▶ _DATA PROVIDED_:
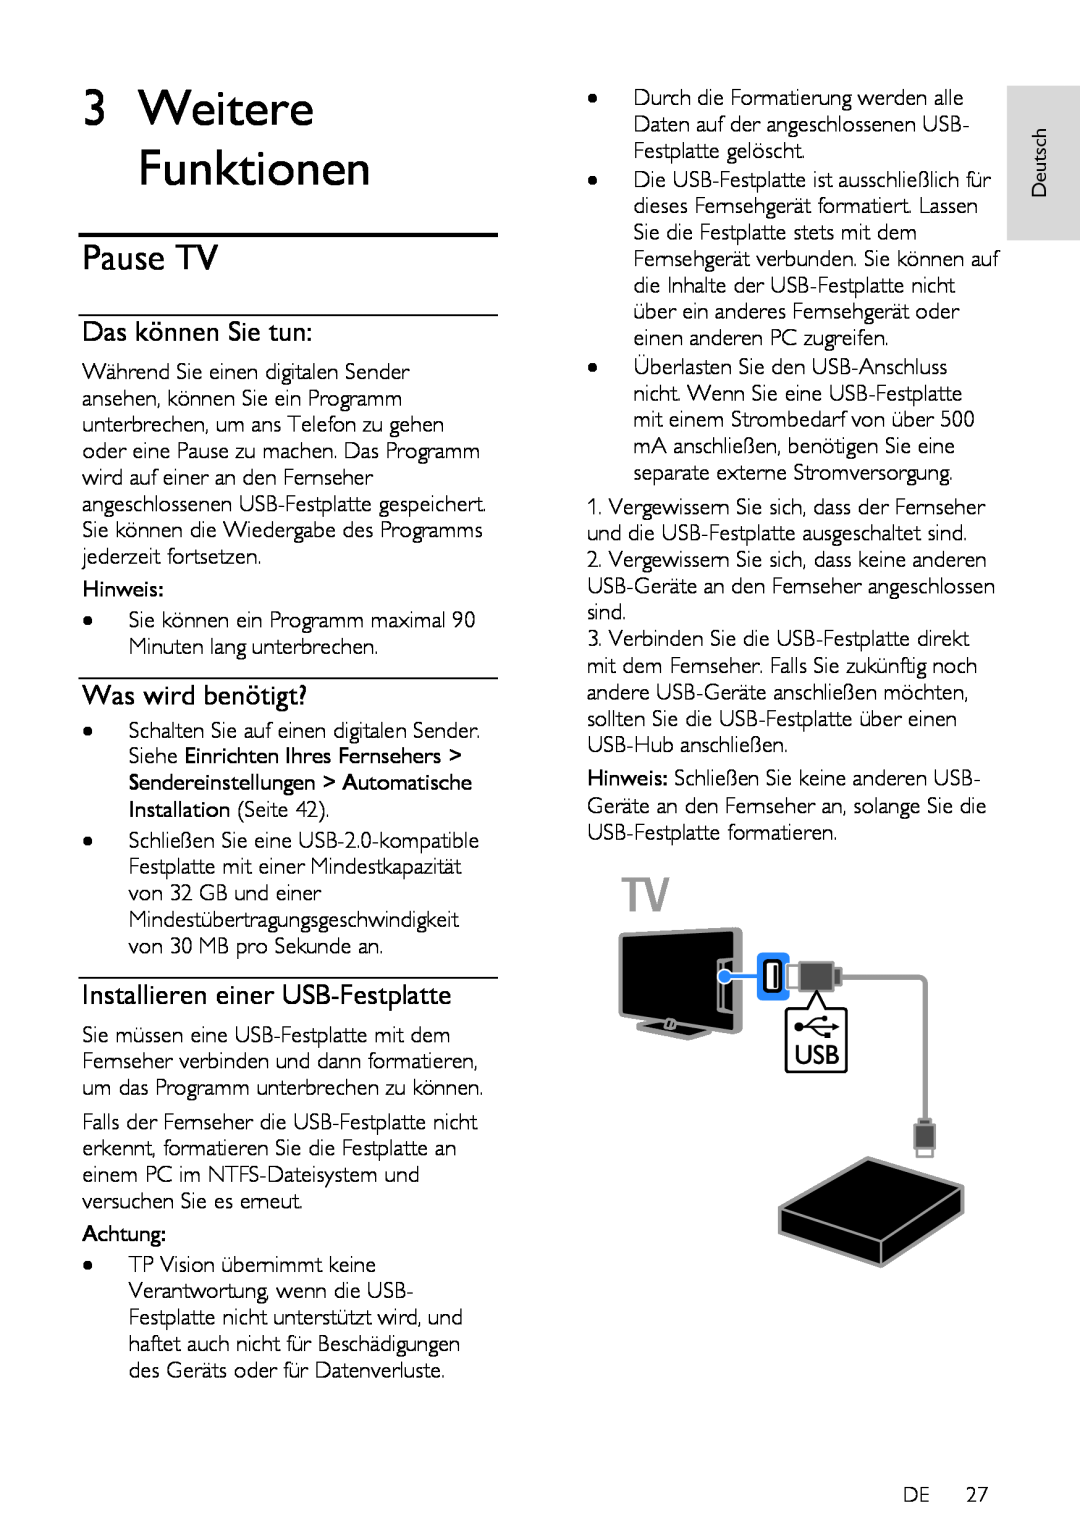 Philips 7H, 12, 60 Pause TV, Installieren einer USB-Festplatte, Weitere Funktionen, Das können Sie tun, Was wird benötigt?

--

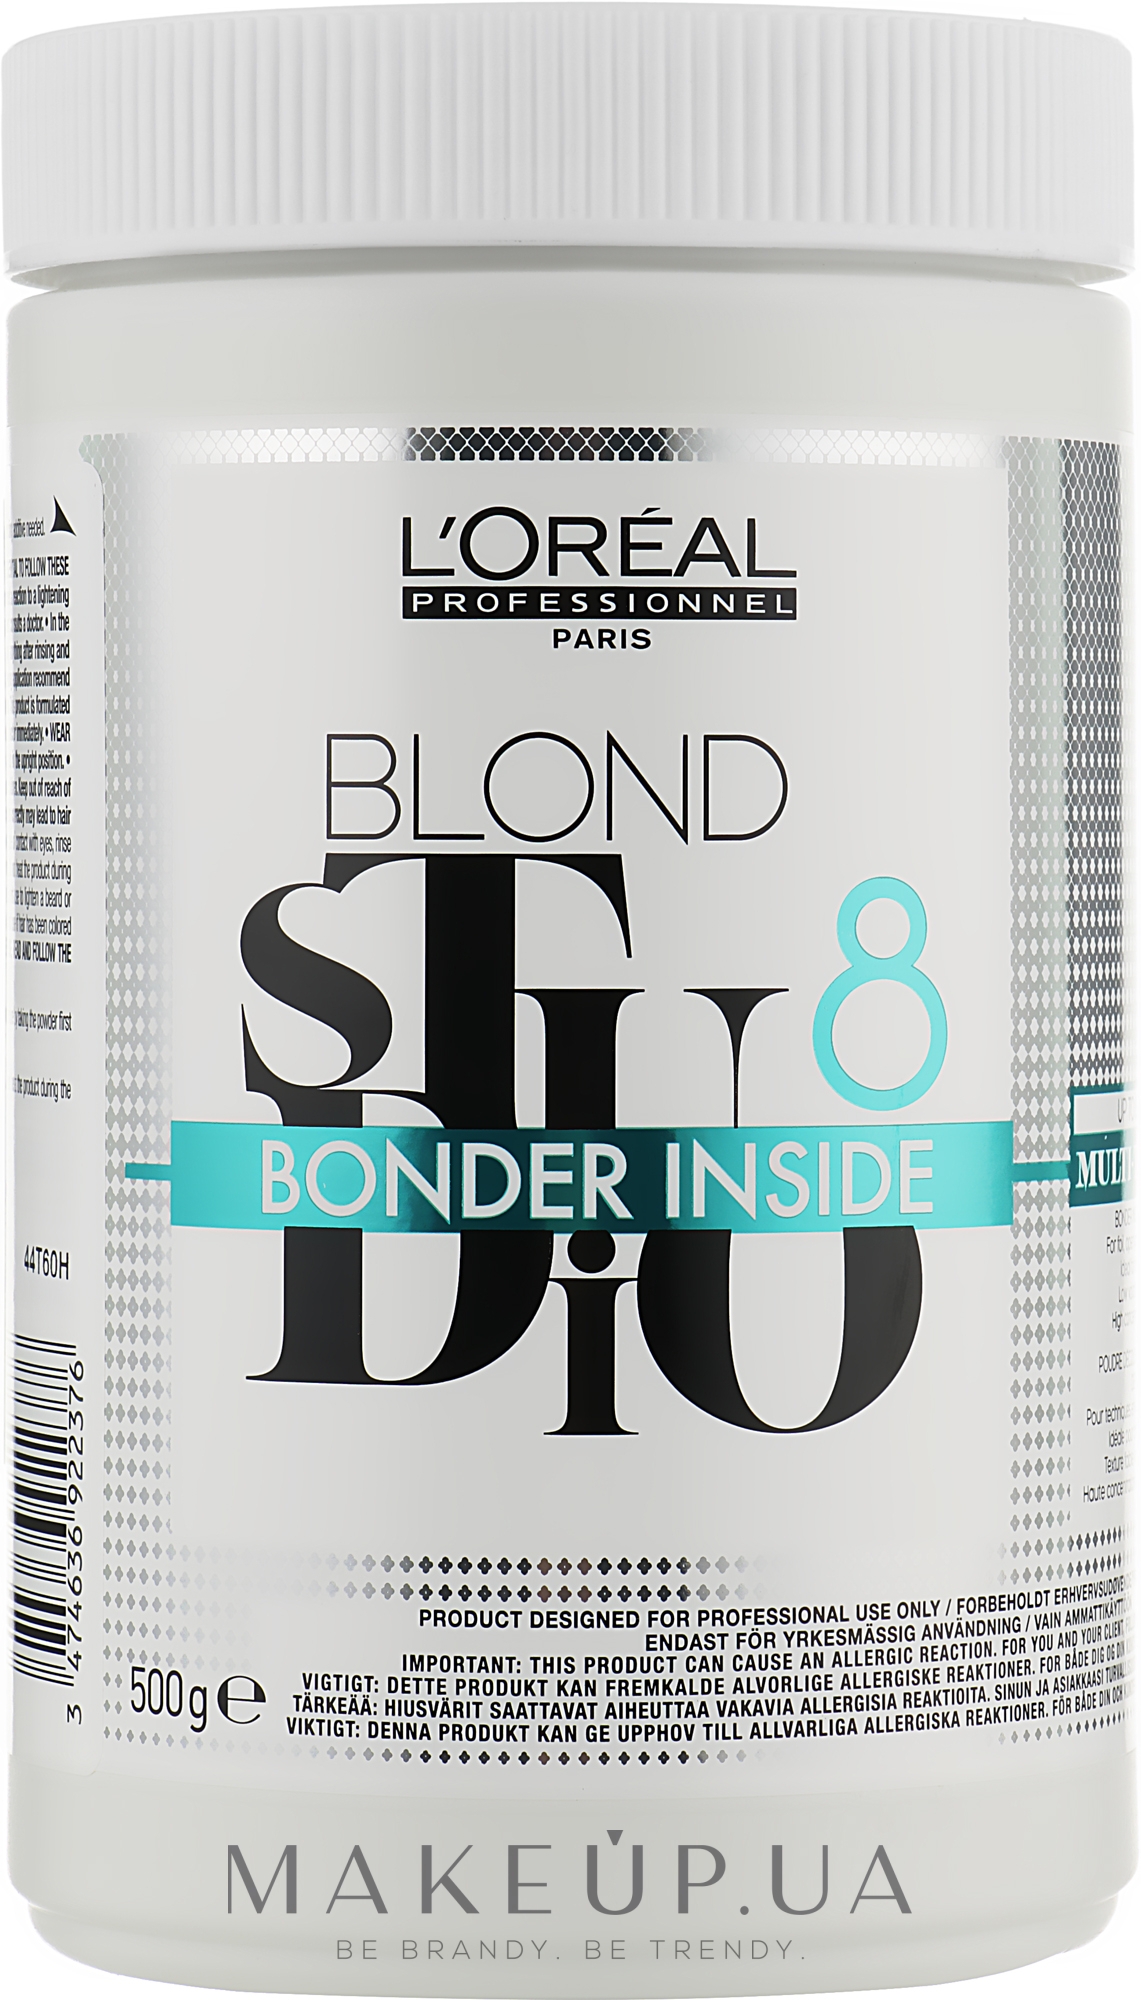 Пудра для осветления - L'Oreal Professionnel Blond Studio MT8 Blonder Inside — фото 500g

...

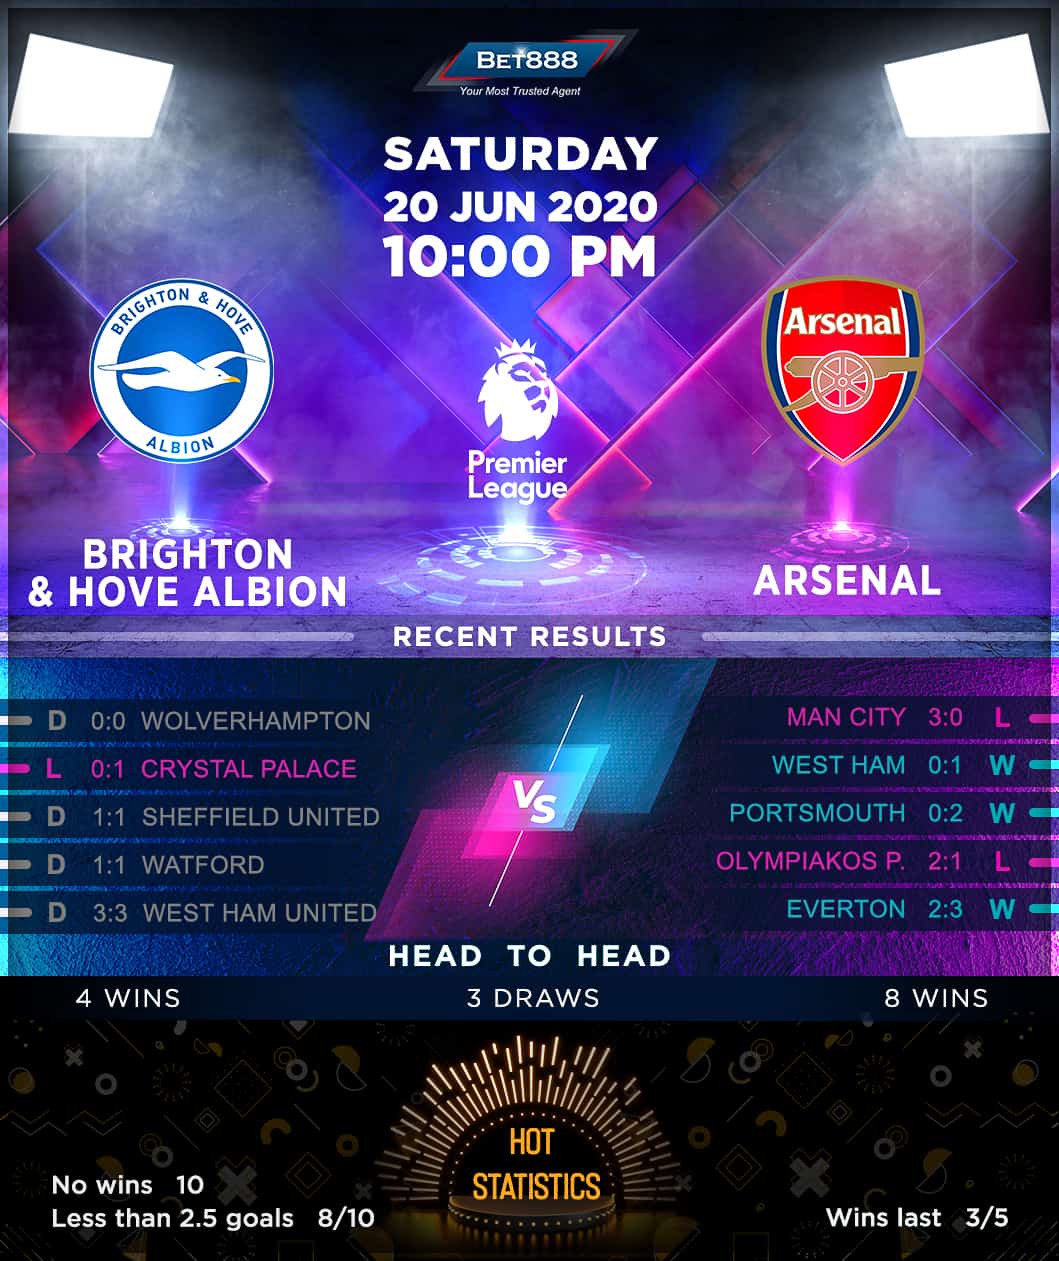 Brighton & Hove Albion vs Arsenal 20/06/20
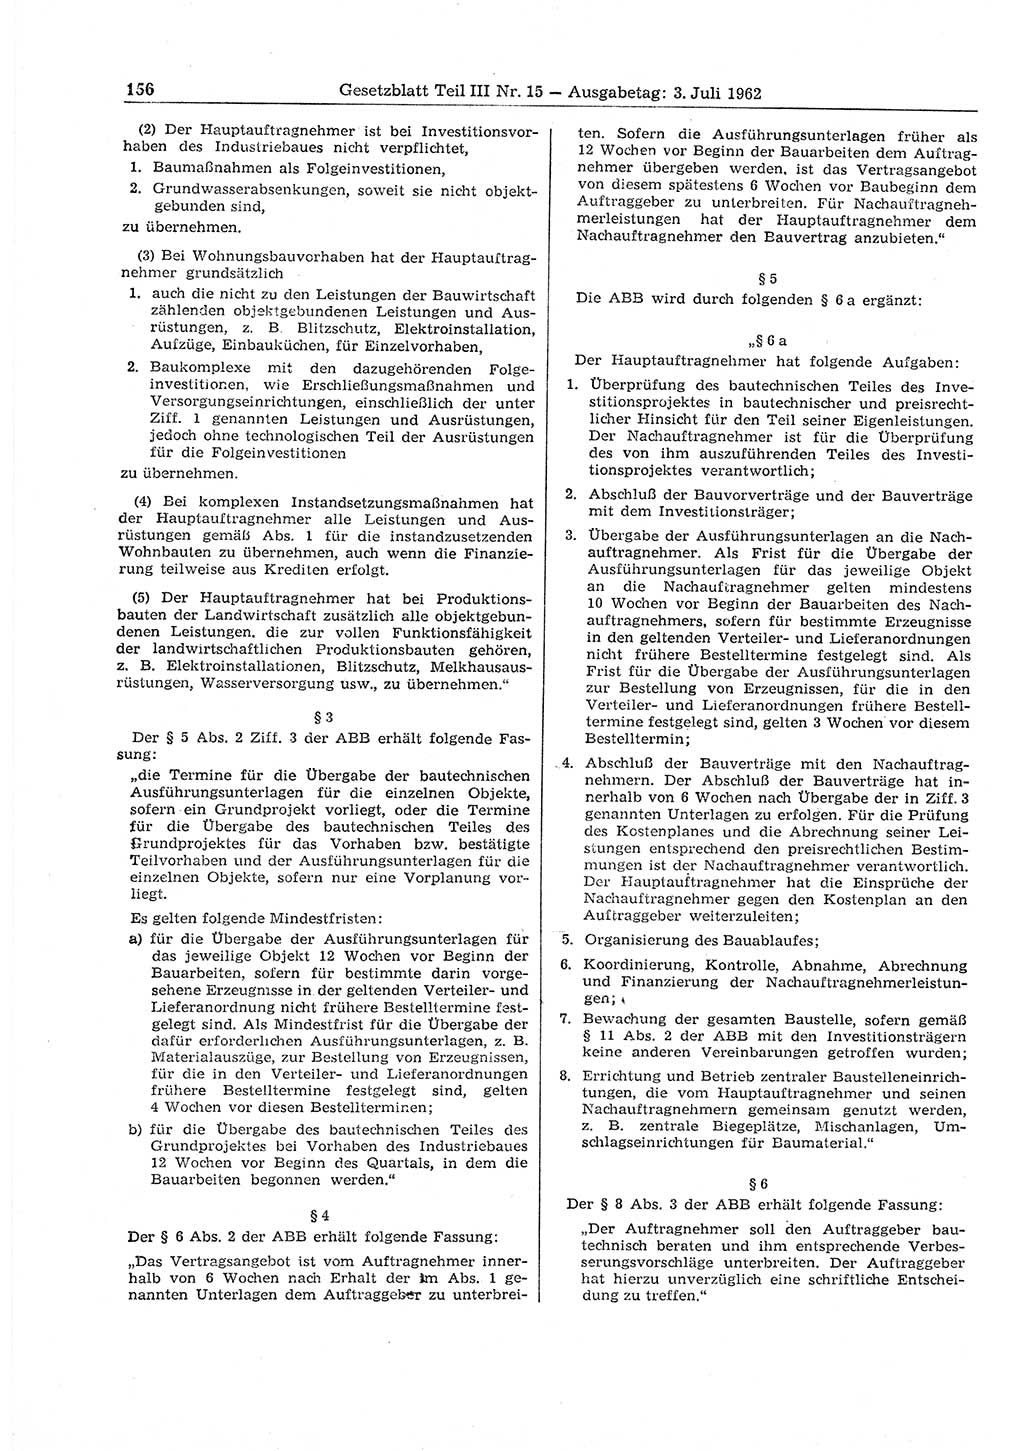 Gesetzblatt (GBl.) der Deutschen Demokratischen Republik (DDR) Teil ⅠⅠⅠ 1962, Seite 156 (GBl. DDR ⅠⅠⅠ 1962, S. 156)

▶ _YOUR TASK_: What you need to produce is an exact copy of the entries above, limited to the lines from the one with "Brighton & Hove Albion vs Arsenal 20/06/20" up to and including the one with "Gesetzblatt (GBl.) der", without pictures.

▶ _EXERCISE ANSWER_:
 Brighton & Hove Albion vs Arsenal 20/06/20
 Gesetzblatt (GBl.) der Deutschen Demokratischen Republik (DDR) Teil ⅠⅠⅠ 1962, Seite 156 (GBl. DDR ⅠⅠⅠ 1962, S. 156)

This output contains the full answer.